Ce n’est pas aux lecteurs·trices de payer la lute contre Amazon
Le 30 décembre 2021, la loi « visant à conforter l’économie du livre et à renforcer l’équité et la confiance entre ses acteurs » a été promulguée. Elle entend imposer aux lecteur·trices des frais de port pour tout achat en ligne de livres. Ces frais seront arrêtés par décret qui n’a pas été publié à ce jour.
Géraldine Bannier (MoDem), rapporteuse de la loi, a reconnu qu’« Il est […] possible que cette mesure [les frais de ports] conduise à des ventes moindres [de livres] ou à des reports vers d’autres marchés ». On appréciera le terme « marchés ». La rapporteuse ajoute que la mesure devra faire l’objet d’une évaluation dans deux ans pour bien mesurer ses « répercussions sur la vie réelle ». Et surtout sur le pouvoir d’achat des lecteur·trices.
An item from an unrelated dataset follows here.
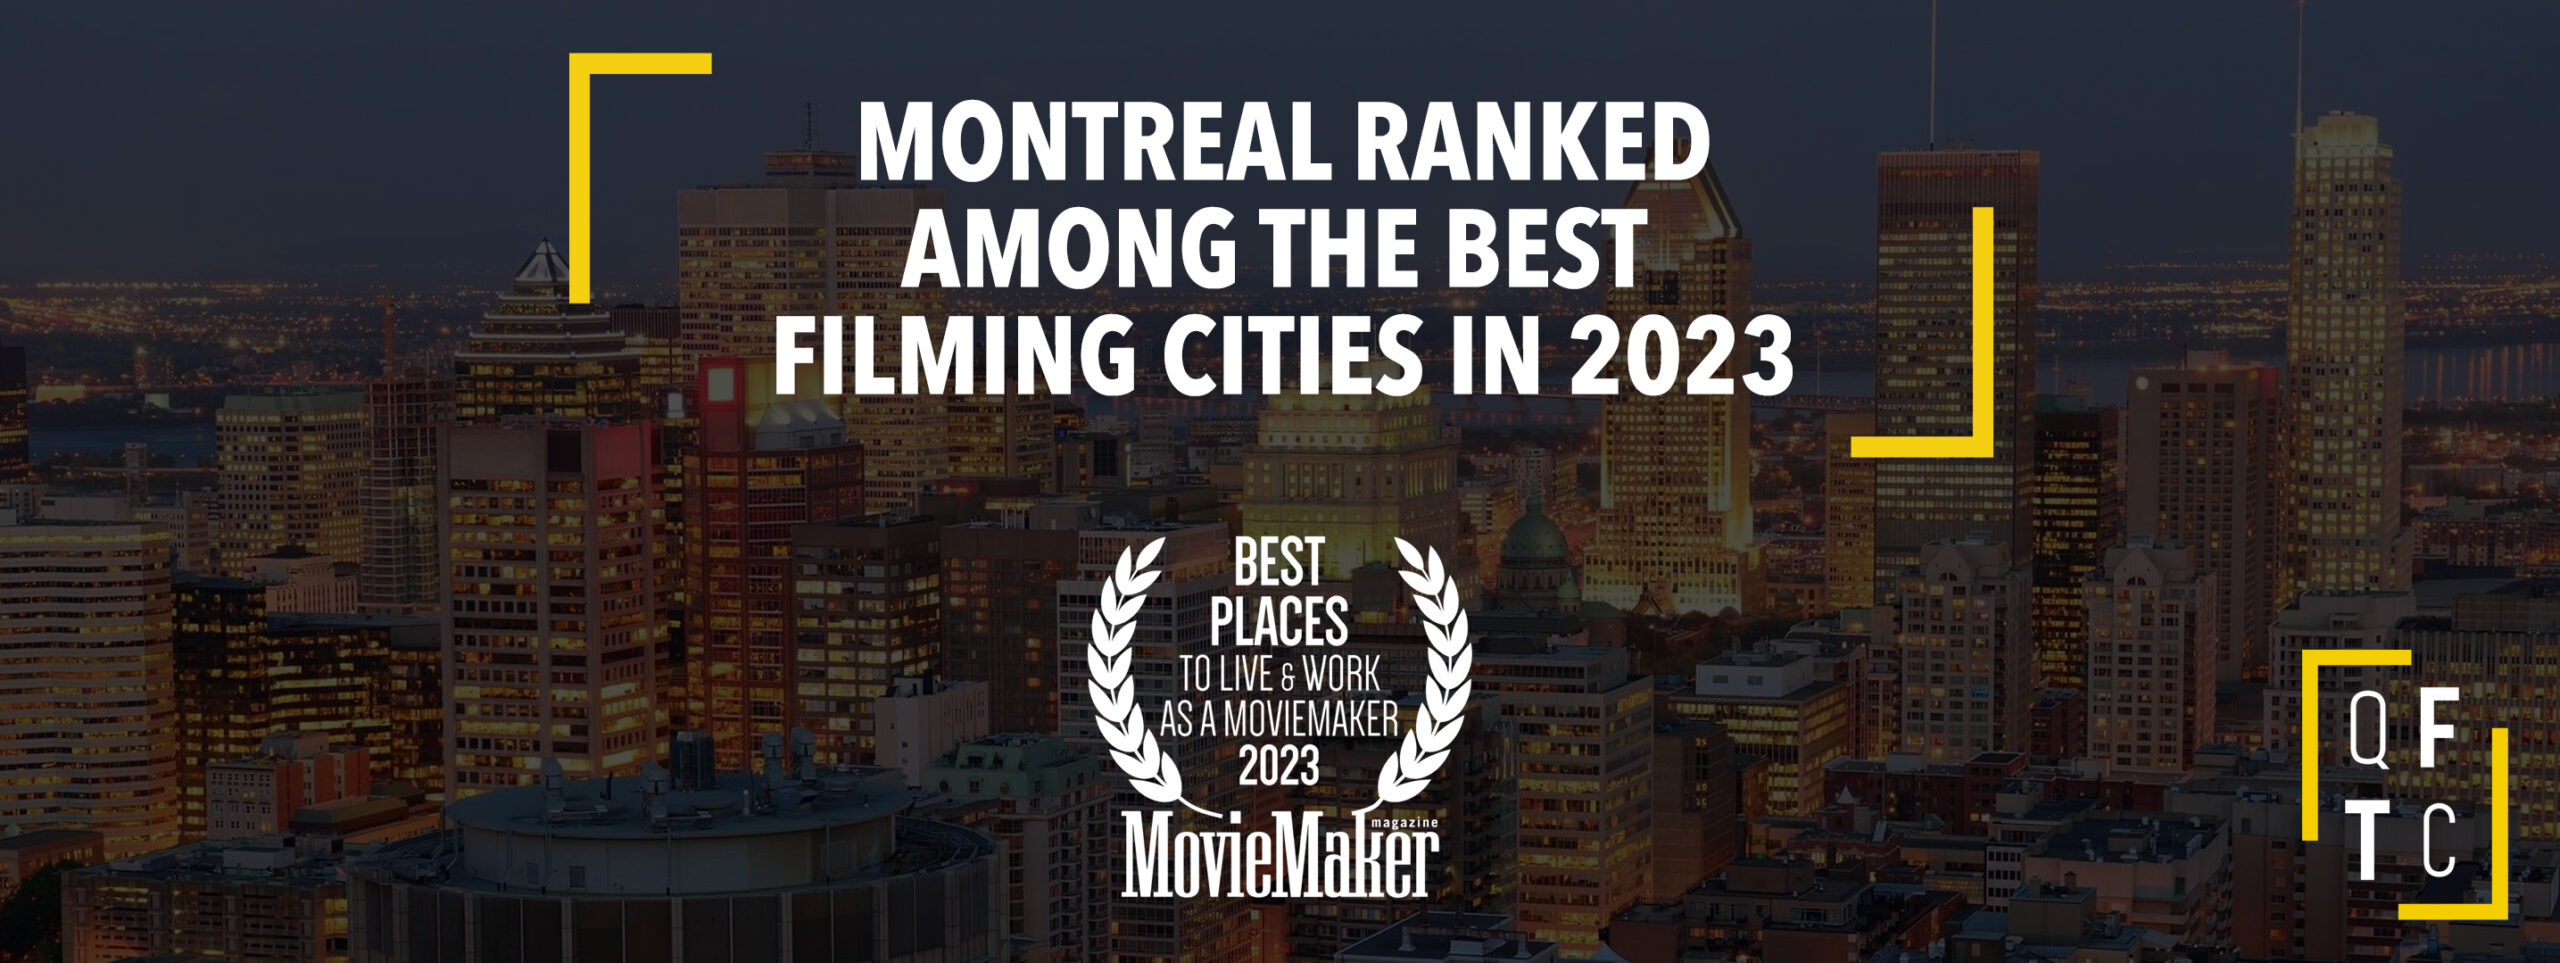 MONTREAL STILL RANKED AMONG THE BEST FILMING CITIES IN 2023 Bureau du

Au même moment, nous apprenions, grâce en partie aux révélations du syndicat SudPTT, auteur de Syllepse, que la Poste, dont l’État est le principal actionnaire, avait passé un accord commercial secret avec Amazon, lui accordant des tarifs postaux avantageux. Face à ces révélations, la Poste, quant à elle, invoque la loi Macron du 30 juillet 2018 sur le secret des affaires. Et quelles affaires alors qu’une centaine de salariés sans papiers qui travaillent pour Chronopost à Alfortville (Val-de-Marne) via ses sous-traitants, et qui ont été exploités pour des salaires de misère durant des mois, se battent pour leur régularisation !
Au secours Molière, Tartuffe est de retour !
Côté cour, LREM, alliée aux Républicains, accable donc les lecteur·trices de frais postaux au prétexte de lutter contre Amazon, côté jardin, elle accorde à l’ogre de la vente par internet ses faveurs financières avec la Poste, sans parler de sa grande tolérance à l’« optimisation fiscale » du géant numérique. Comble, la loi adoptée précise que l’arrêté tient compte des « tarifs proposés par les prestataires de services postaux sur le marché». À quels tarifs postaux fait-on référence : ceux de l’accord secret avec Amazon ou ceux qui sont appliqués au plus grand nombre ?
Pour leur part, les éditions Syllepse exigent :
– La levée du secret commercial qui lie la Poste à Amazon et son extension à tous les acteur·trices de la diffusion du livre ;
– plus généralement, la mise en place d’un tarif postal particulier pour l’envoi de livres qui permettra aux libraires d’assumer ces frais de port et ne pénalisera pas les lecteur·trices.
Nous n’oublions pas non plus les salarié·es d’Amazon qui se battent pour l’amélioration de leurs conditions de travail et la reconnaissance de leurs droits élémentaires face à une entreprise qui fait montre en permanence d’une rare violence anti-sociale. Le dernier exemple en date étant les manœuvres éhontées ont elle a fait preuve contre les travailleur·euses de son dépôt dans l’Alabama (ÉtatsUnis) pour les décourager de se syndiquer.